Business News/ Companies / News/  Bulchandani’s success mantra at Ogilvy: Better, faster, laughter

MUMBAI : Ogilvy India is the crown jewel of our network," said Devika Seth Bulchandani, global chief executive of the parent, a WPP network company, during her recent visit to the advertising network’s Mumbai office.

In her new role as the leader of one of the most celebrated ad agencies, Bulchandani has her work cut out, with issues of diversity in the workplace and client and talent retention to sort. During the pandemic, Ogilvy also lost some of its long-standing clients in global markets, like Chanel, Philips and American Express, according to international media reports. The India office, however, has recently brought many laurels, including a Titanium win at the Cannes Lions International Festival of Creativity 2022, for its Cadbury Celebrations campaign featuring Shah Rukh Khan.

The India office is growing faster than most and is reckoned among the top performers within the network, said the Amritsar-born and New York-based ad executive. “I tell them I don’t want ‘better, faster, cheaper’. I want ‘better, faster, laughter," she added.

For both Ogilvy and the industry at large, she wishes nothing more than a sense of pride and confidence for their contribution to the creative communications landscape. “Everybody is saying consultants will kill us, the platforms will kill us, and the advertising industry is dead. I’m sorry, but I think we’re alive and kicking," she says.

Bulchandani emphasizes that advertising agencies are a vital part of the business that helps brands connect to consumers. “We need to be confident in what we provide to clients as long as we deliver value. Because we are not machines, we don’t ‘make’ things. We are in the professional services business."

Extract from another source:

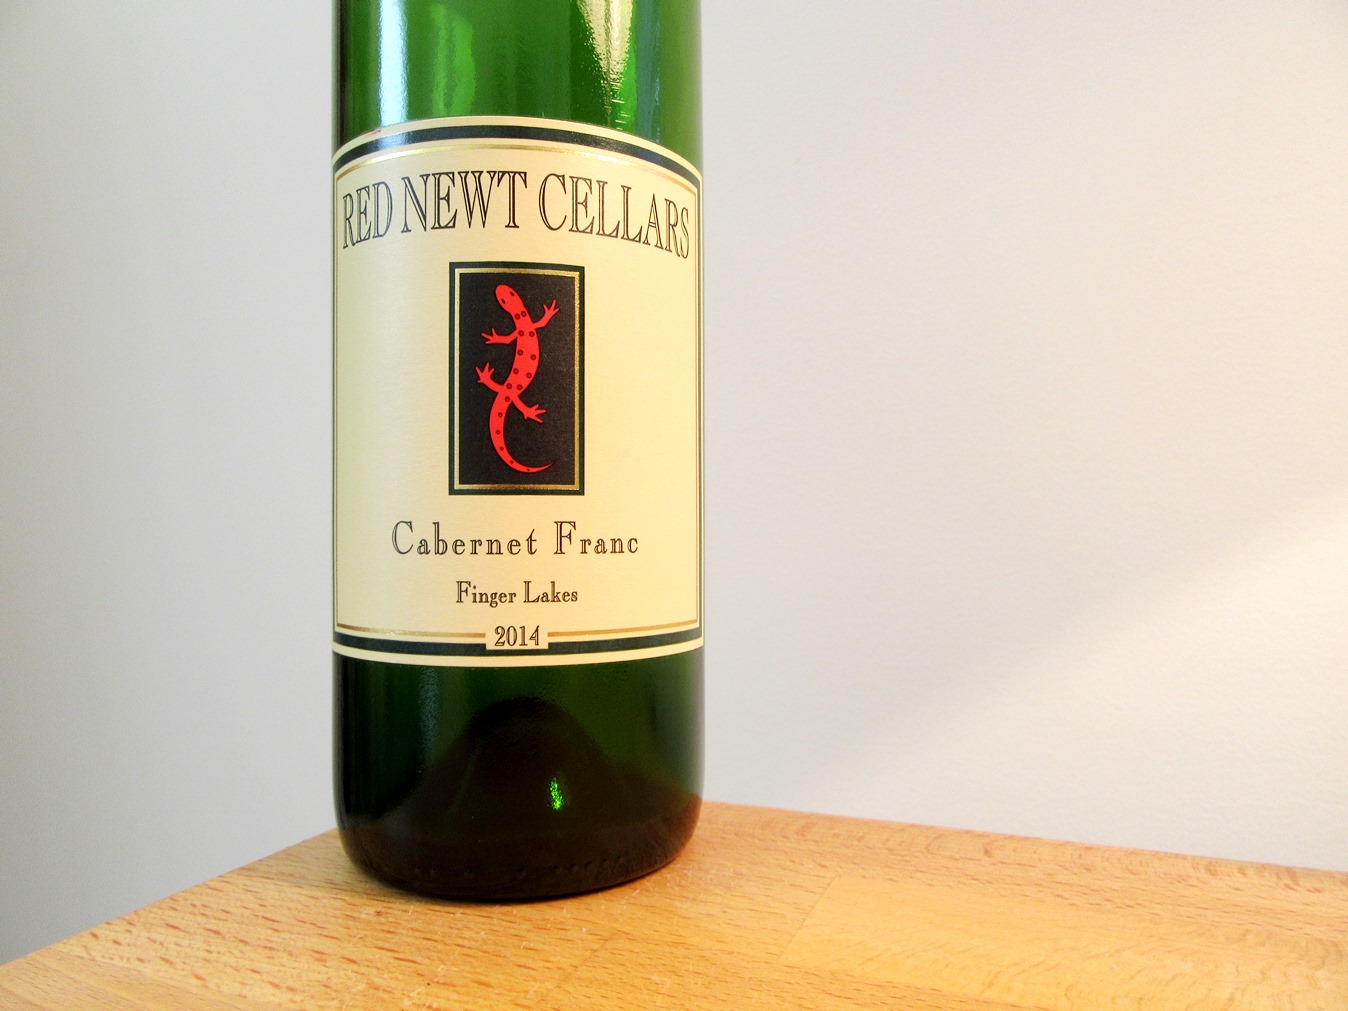 Red Newt Cellars, Cabernet Franc 2014, Finger Lakes, New York, Wine Casual

Sure, influencers and content creators have become really important in this marketing process “because it is the way people connect with brands and have conversations today," she admits. “But at Ogilvy, we have built our influencer capabilities globally, so we continue to play a massive role here for advertisers," she said.

In an interview, Bulchandani noted that ads are getting increasingly politicized around the globe. “Brands have started taking stands, and we amplify their message using the power of creativity. When you put a stimulus to the cultural conversation, it is natural to have backlash because we’re all so polarized now." How does she plan to tackle this, we ask? “I tell clients they should find a credible way to ‘do’ things and not just ‘say’ things. But we should also be prepared for backlash because it’s social media. You’re not going to get it right every time."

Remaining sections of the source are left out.